=== DATA ===
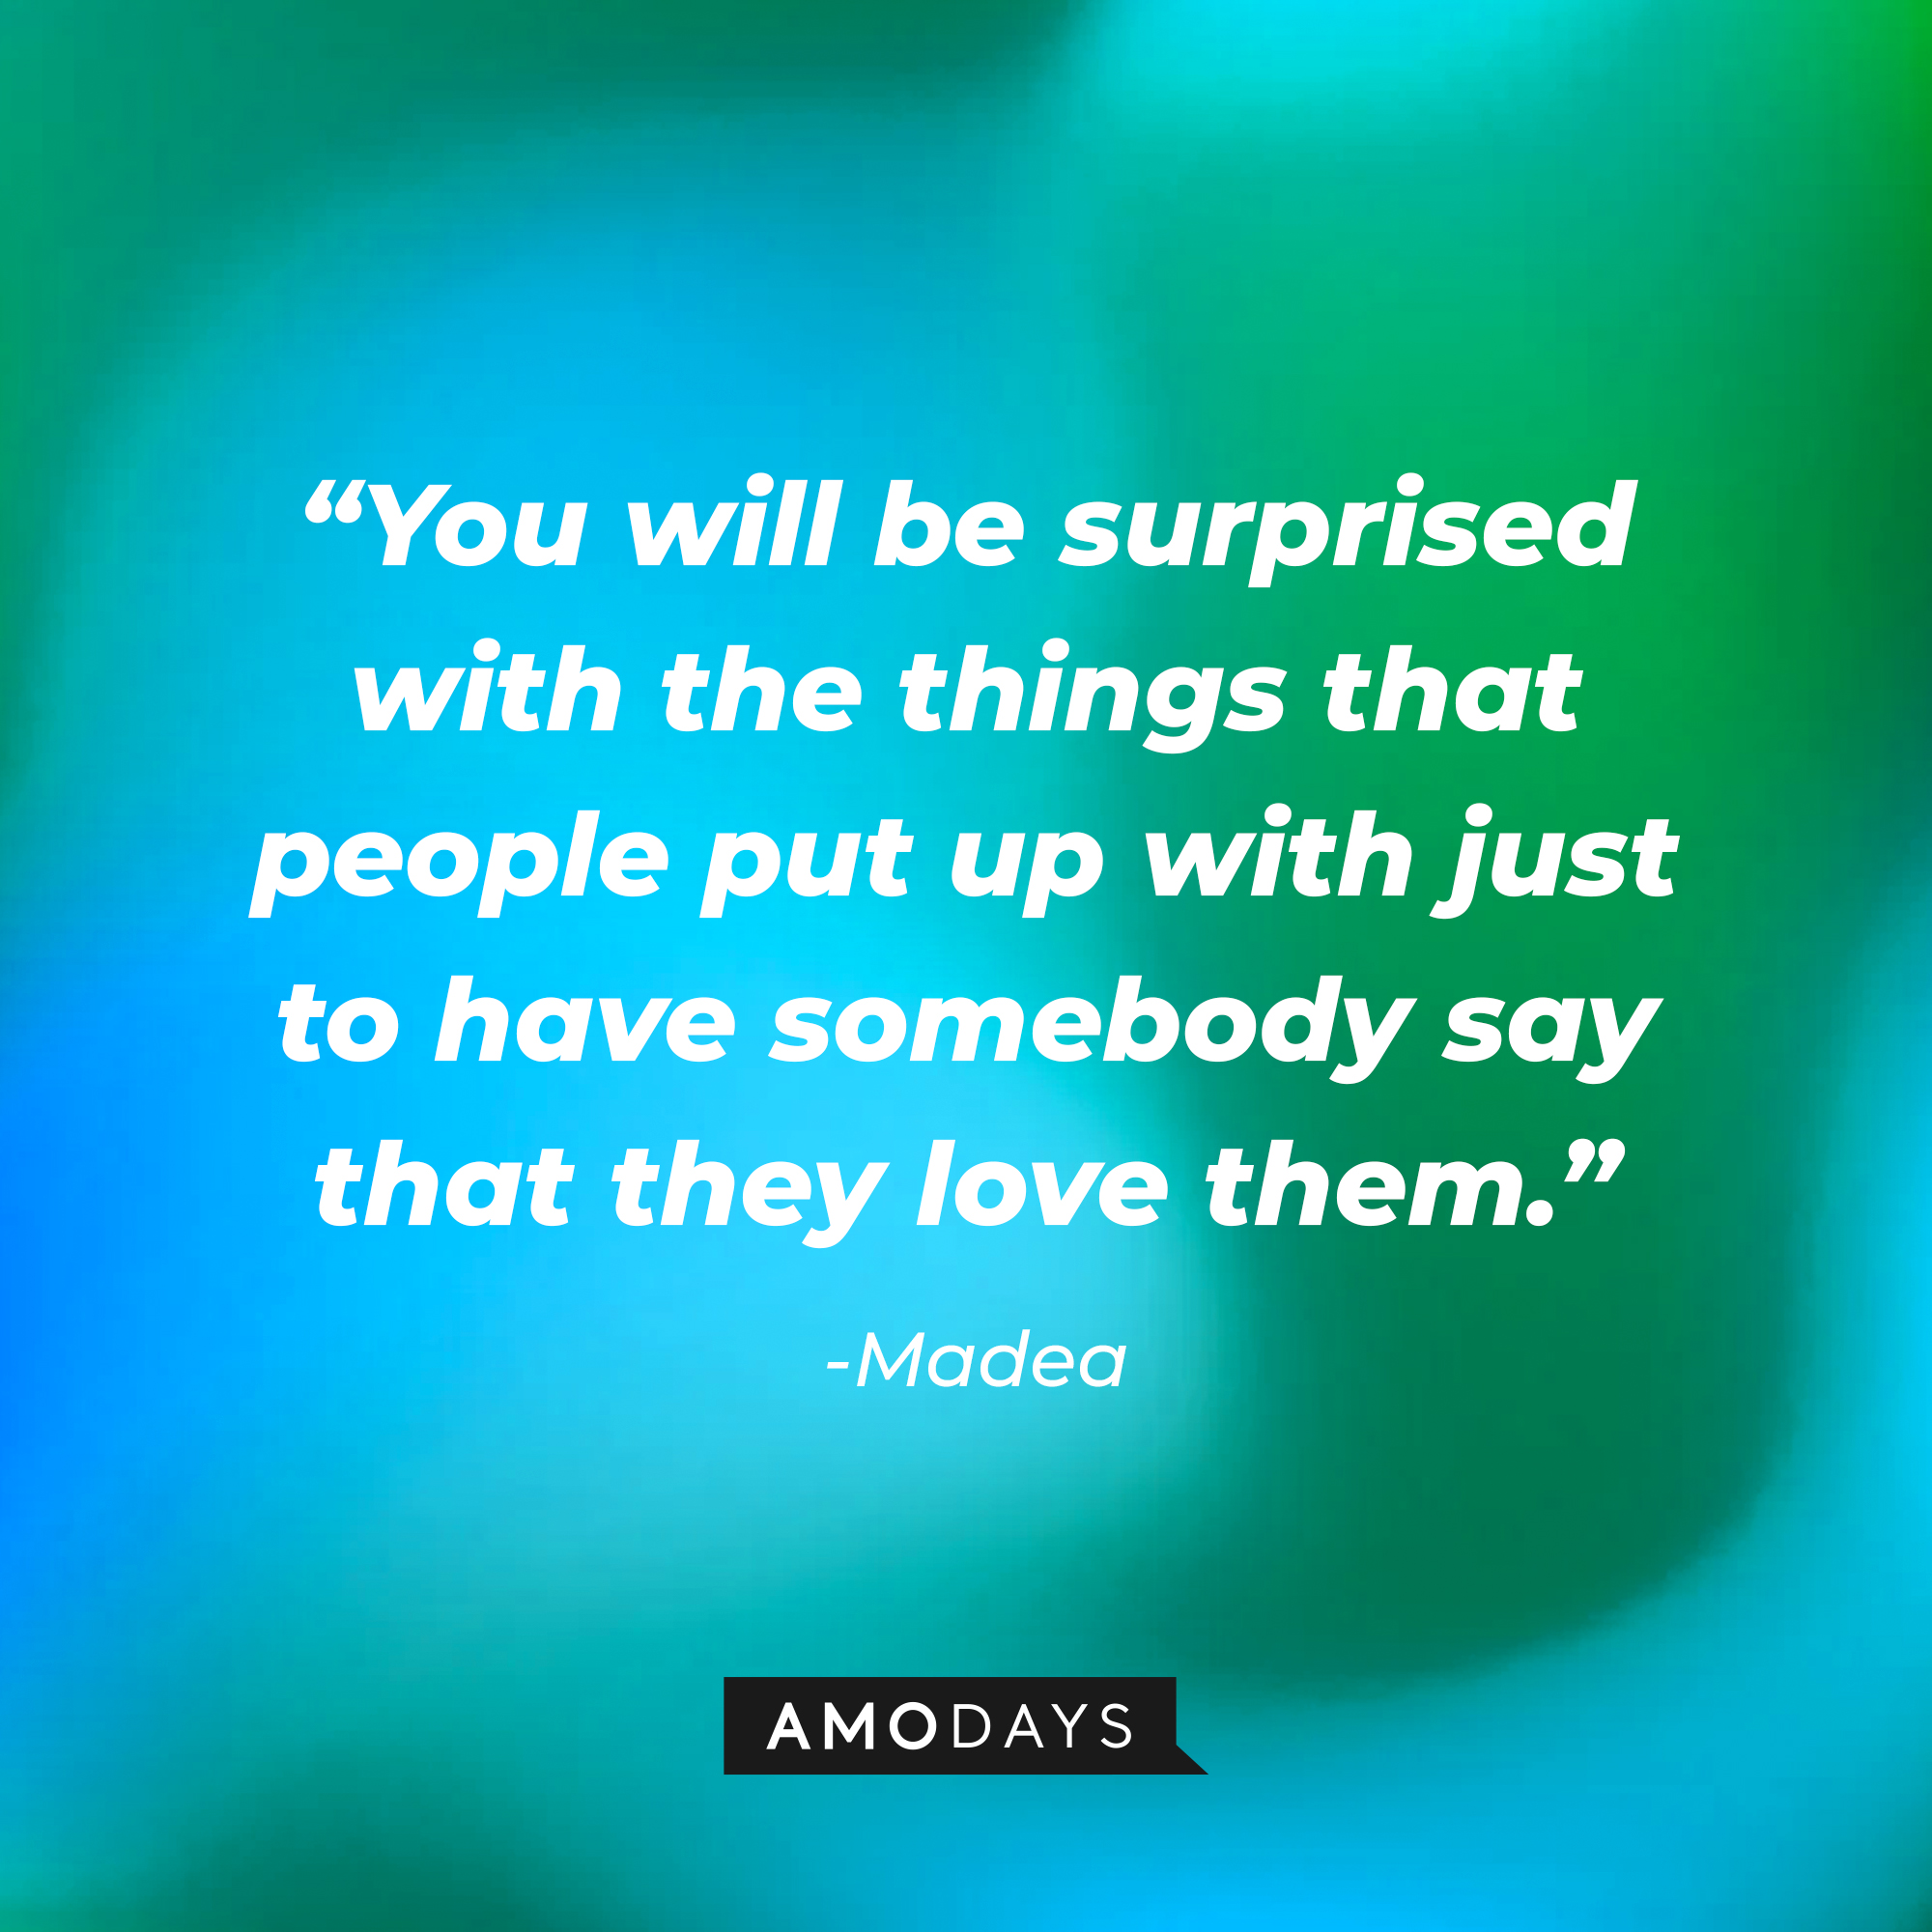 Madea’s quote: “You will be surprised with the things that people put up with just to have somebody say that they love them." | Source: AmoDays
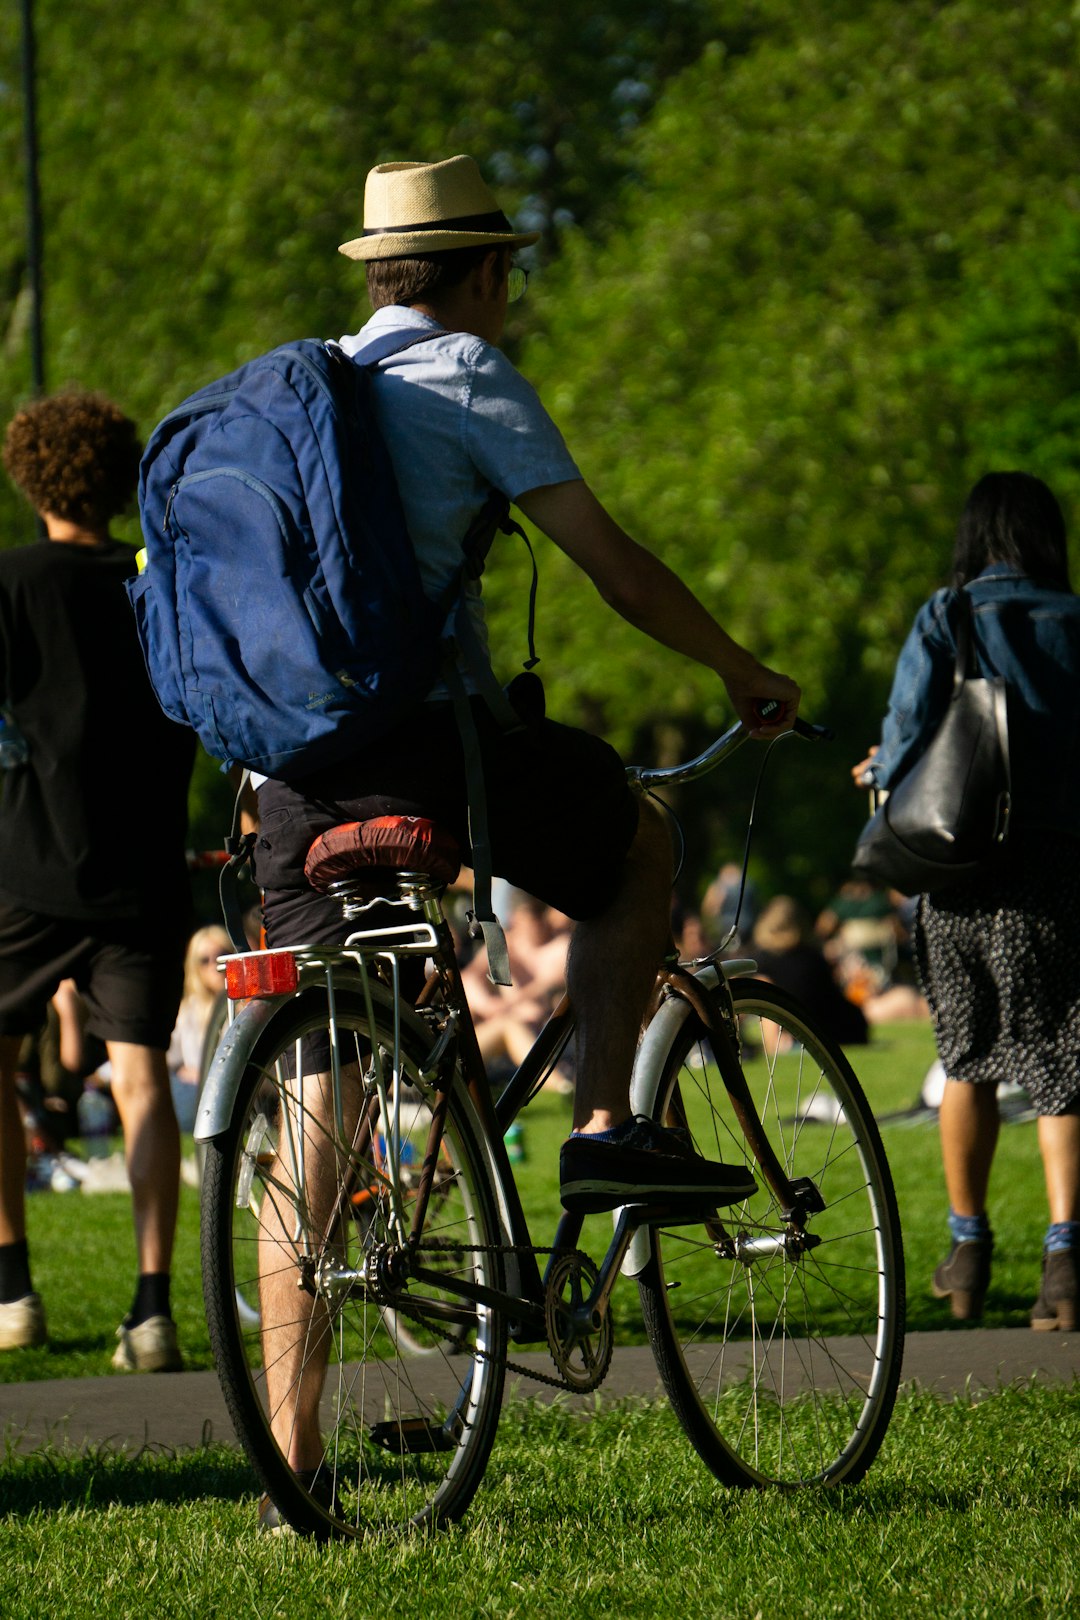 man in blue shirt and black backpack riding bicycle
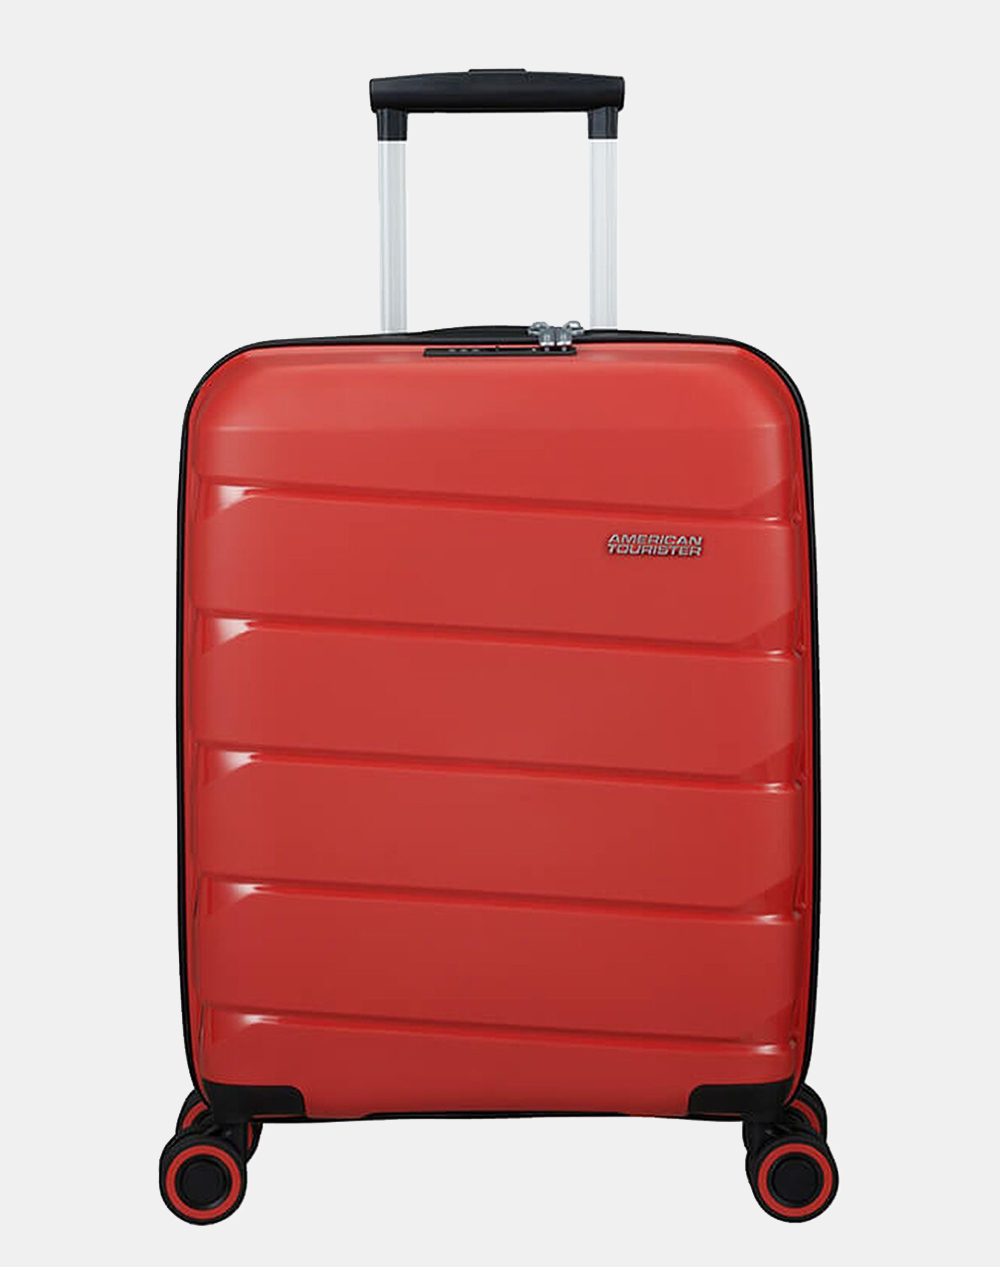 American Tourister Hello Cabin 55cm Cabin Suitcase at Luggage Superstore
===
§ **WHAT THE TASK REQUIRES**
Line by line, reproduce exactly the lines from the one containing "man in blue" through the final line of the material, both included, leaving every picture out.

§ **SOLUTION**
 man in blue shirt and black backpack riding bicycle
 American Tourister Hello Cabin 55cm Cabin Suitcase at Luggage Superstore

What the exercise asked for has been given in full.